While the Rite makes an impression of chaos and upheaval, Petrushka touches my heart and actually makes me want to dance. So I neglect the Firebird a lot. Igor's Firebird, and his Petrushka for that matter, doesn't quite match his RoS. There is a Dorati recording on Mercury that is pretty good though. And MTT knocked me out in a live performance once. It could be that this piece is more elusive as it is more Debussy/Rimsky-ish or impressionistic, and Igor's famous propulsive rhythms are have not quite taken over yet. So it requires a bit more attention while listening, it doesn't quite reach out and grab like the other two. And like all of Igor's work, recordings are plentiful but good ones are hard to find.


----------



## TheGazzardian

Zhdanov said:


> Rimsky-Korsakov & Debussy is where it comes from.
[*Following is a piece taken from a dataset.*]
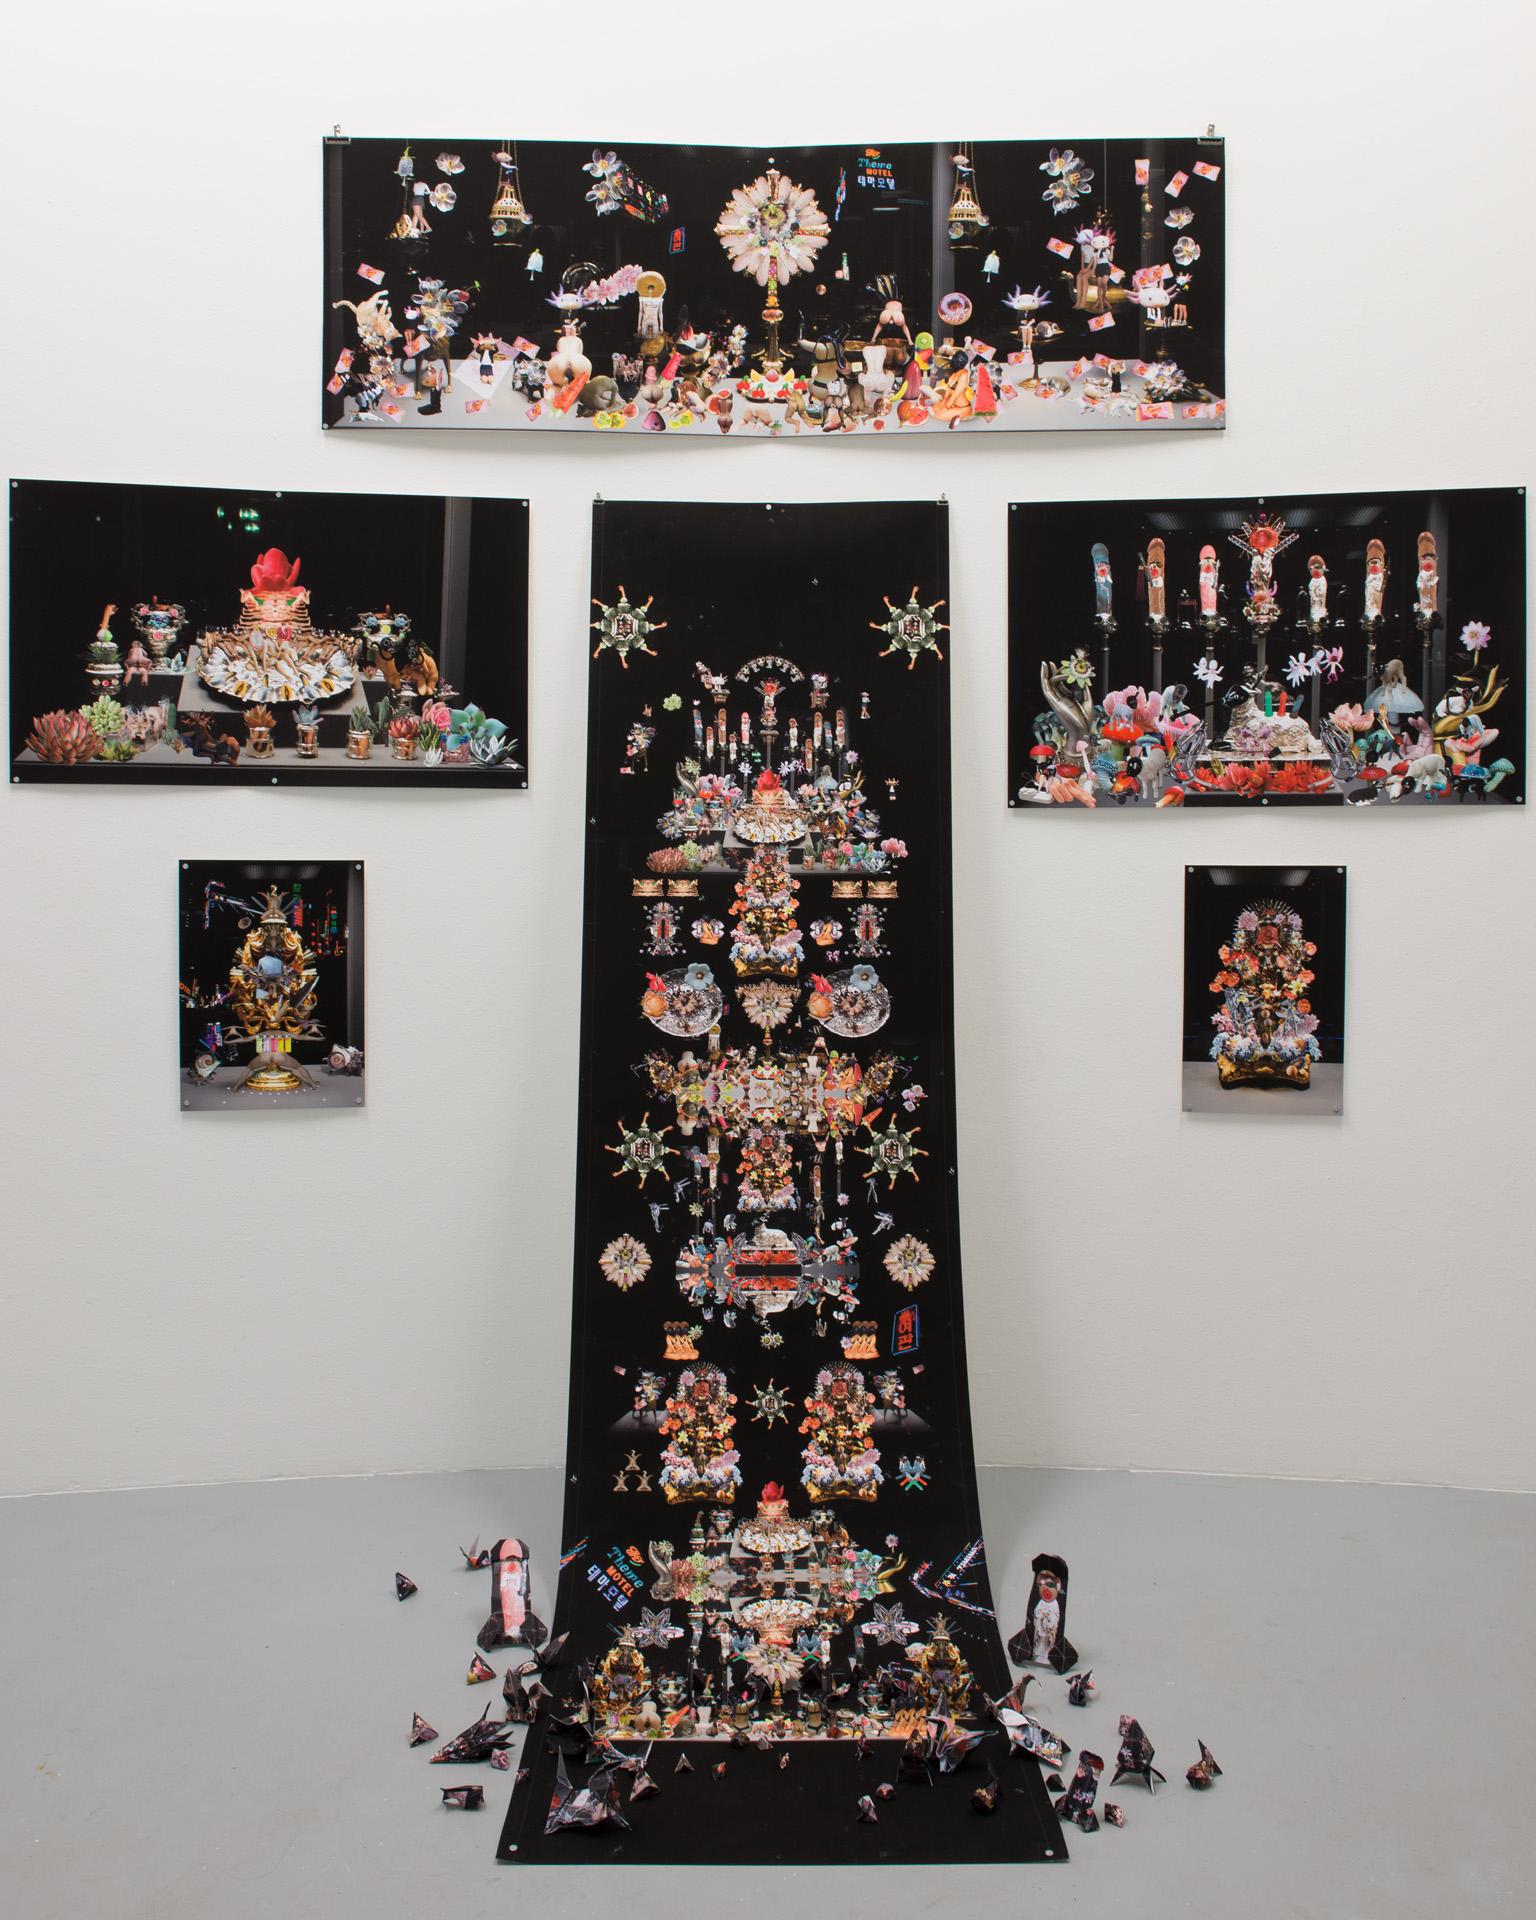 Agnus dei qui tollis peccata mundi_2016_installation at BAK, Utrecht, the Netherlands

As a big fan of the Rite, would sincerely love to know what works by Rimsky-Korsakov and Debussy you feel were the precursors ... so I can give them a spin


----------



## philoctetes

I also mentioned Rimsky and Debussy wrt The Firebird, having similar instrumental colors and orchestral dynamics. i don't hear as much of that in The Rite, but maybe a little in Petrushka, which seems like a transition to me as Igor was finding his voice. With the Rite there is more uniformity in dynamics, I mean, the word "rubato" is hardly applicable to these sewing-machine (see Igor on Vivaldi) rhythms and repetitive choruses. And I don't hear much of Russia in the Rite or anything after that by Igor, exc maybe Les Noces, but others may feel different.. Rimsky and Debussy never went quite that far as I recall.

PS this is a strange thought, but if looking for more music like The Rite one could check out Milhaud, Villa-Lobos, Varese, etc...


----------



## jegreenwood

and Prokofiev's Scythian Suite


----------



## philoctetes

When this CD was released, the Fanfare reviewer went absolutely berserk with hyperbole and Rite comparisons. It's an indisposable part of my collection.


----------